*Raw data*:
——————————
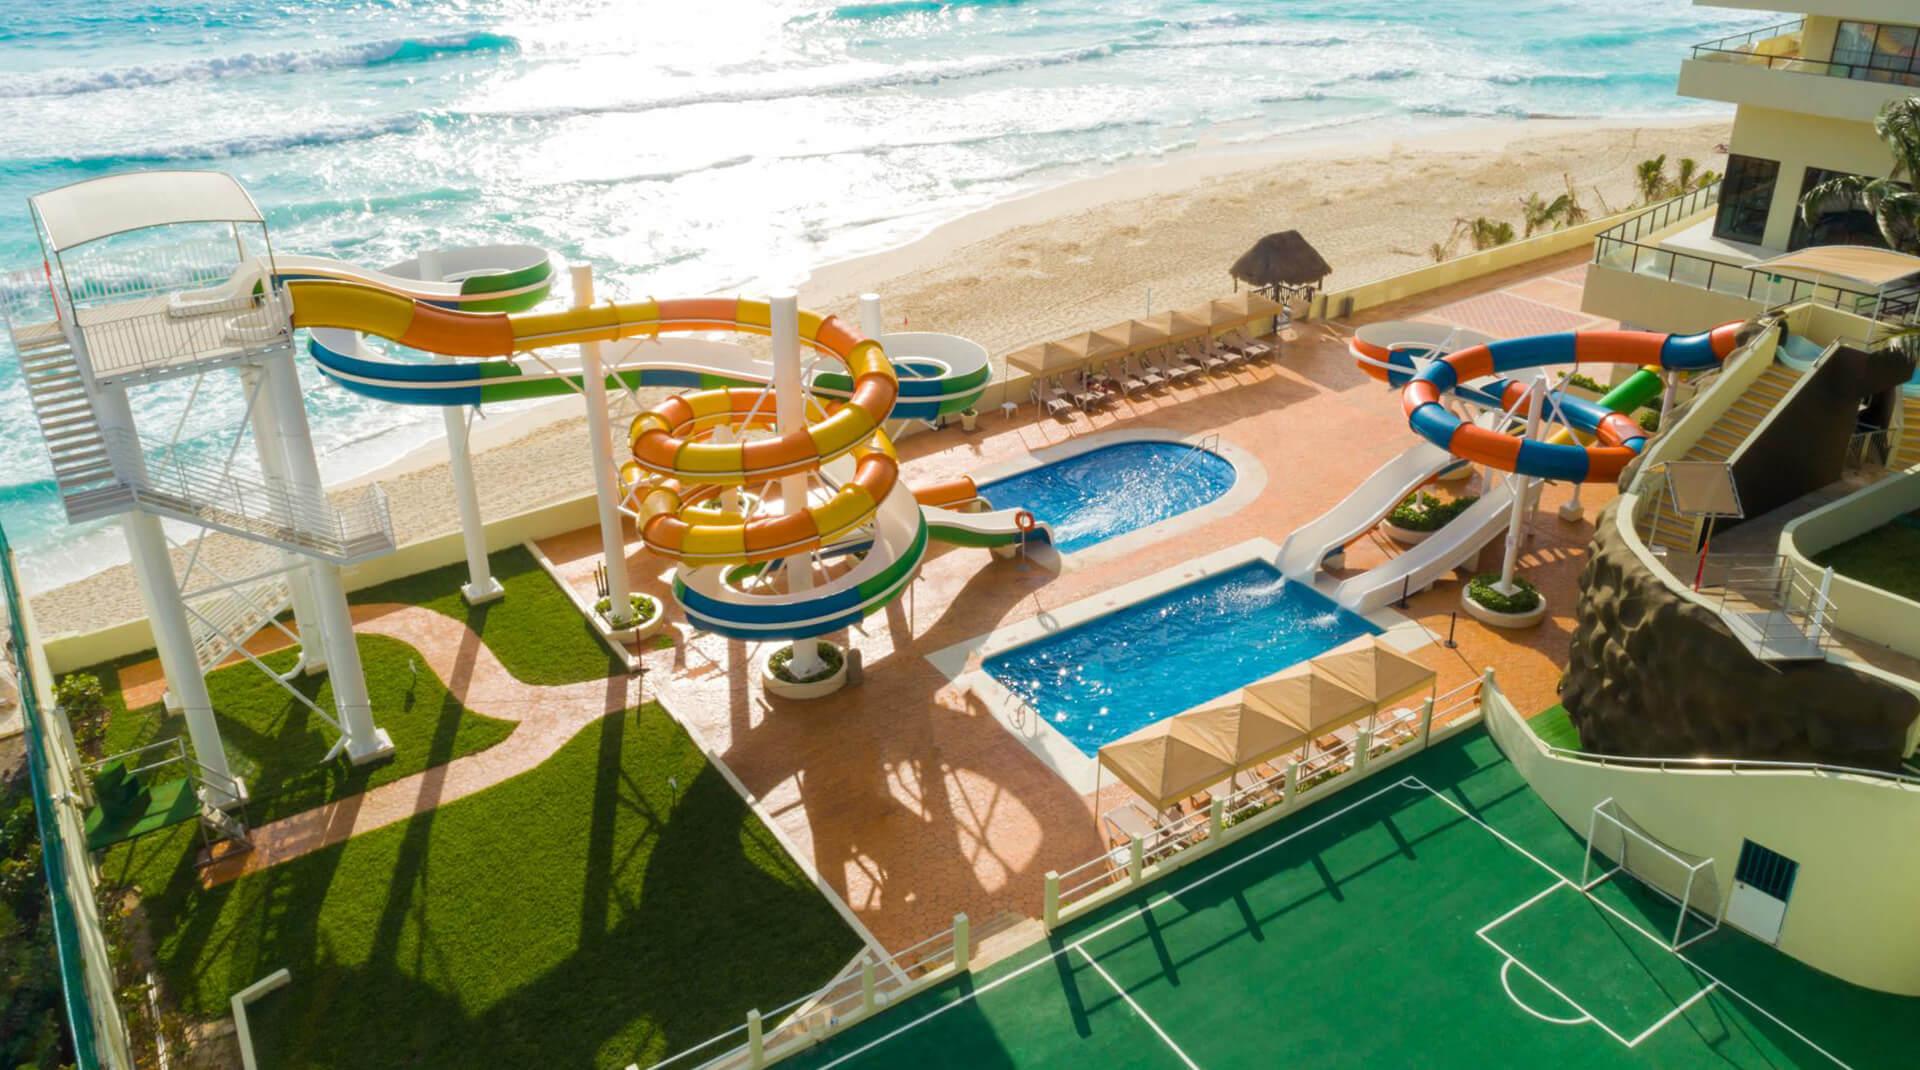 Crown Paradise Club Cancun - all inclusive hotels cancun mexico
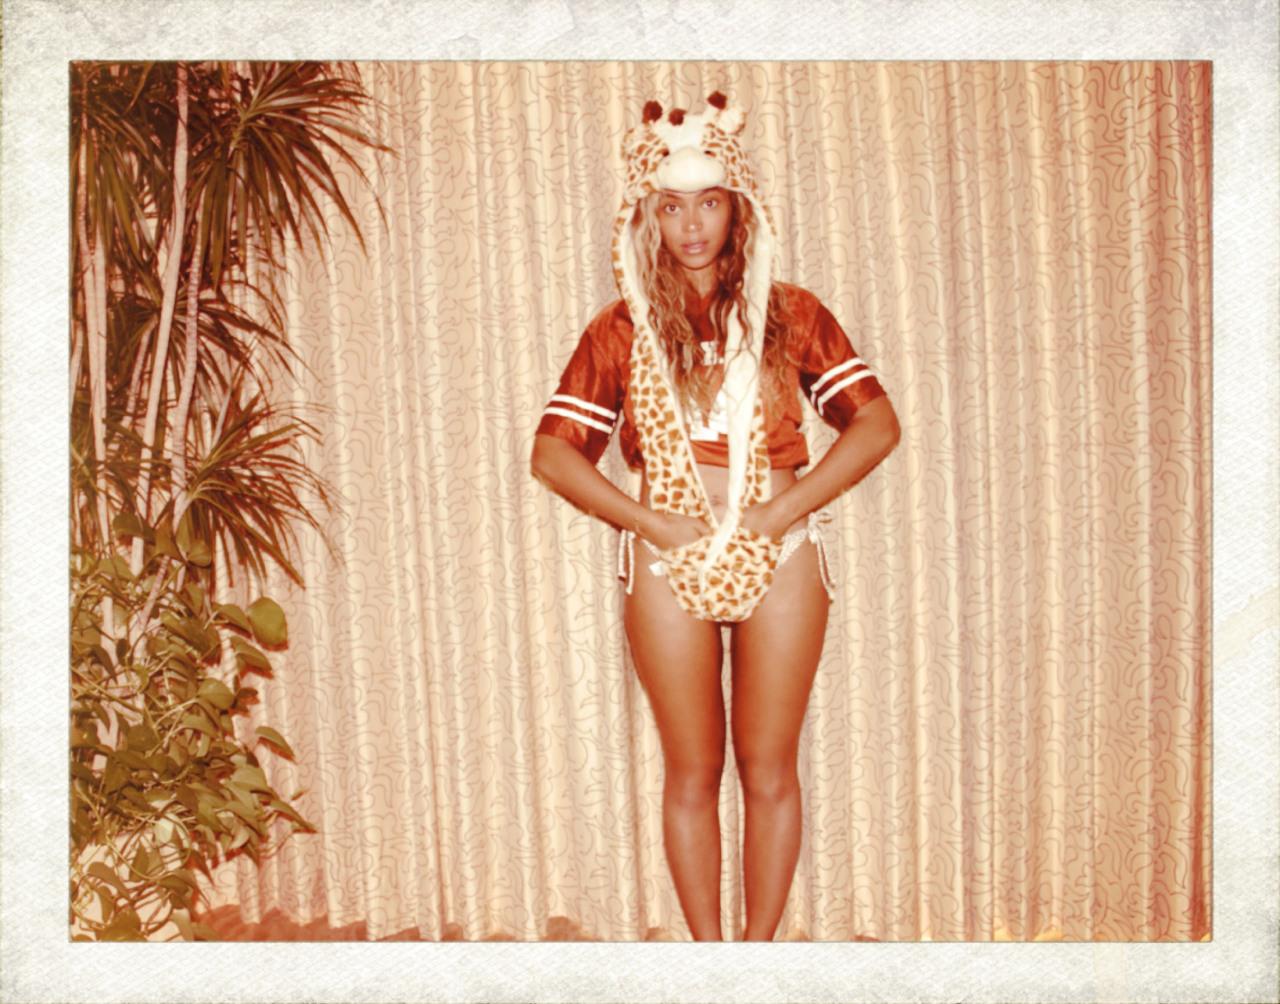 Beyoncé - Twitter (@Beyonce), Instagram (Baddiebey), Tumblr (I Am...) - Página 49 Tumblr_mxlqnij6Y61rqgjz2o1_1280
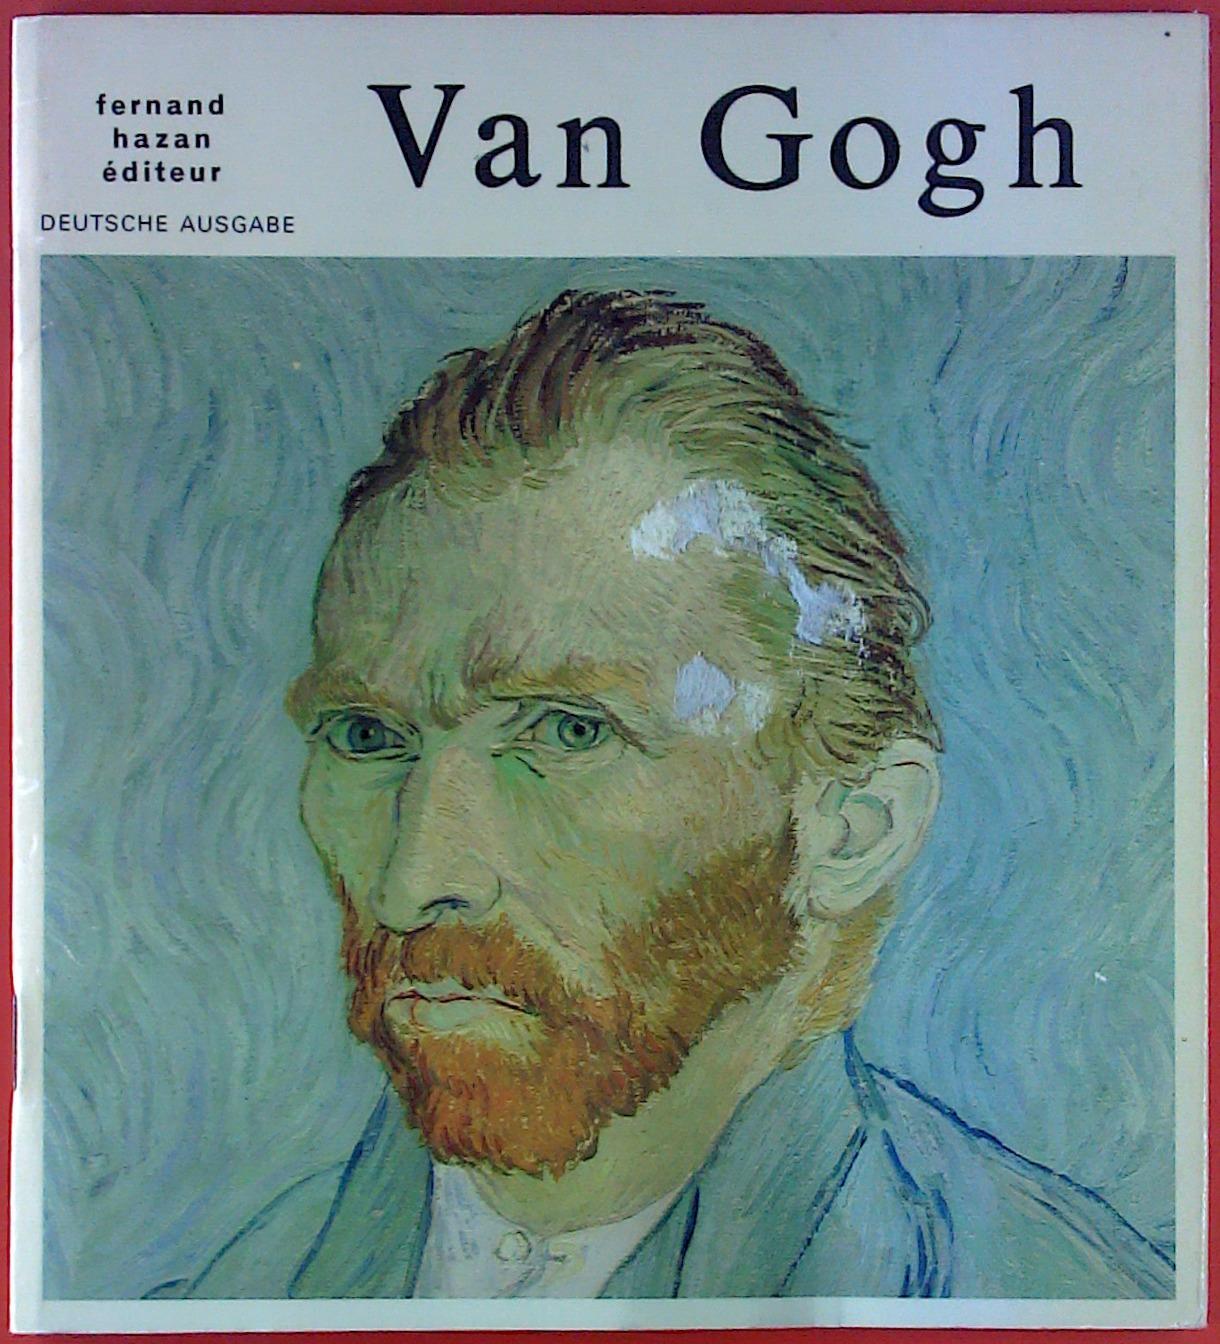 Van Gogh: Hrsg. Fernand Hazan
——————————
*Task instructions*: Here the job is to print the data above exactly, except for any pictures.

*Task solution*:
 Crown Paradise Club Cancun - all inclusive hotels cancun mexico
 Beyoncé - Twitter (@Beyonce), Instagram (Baddiebey), Tumblr (I Am...) - Página 49 Tumblr_mxlqnij6Y61rqgjz2o1_1280
 Van Gogh: Hrsg. Fernand Hazan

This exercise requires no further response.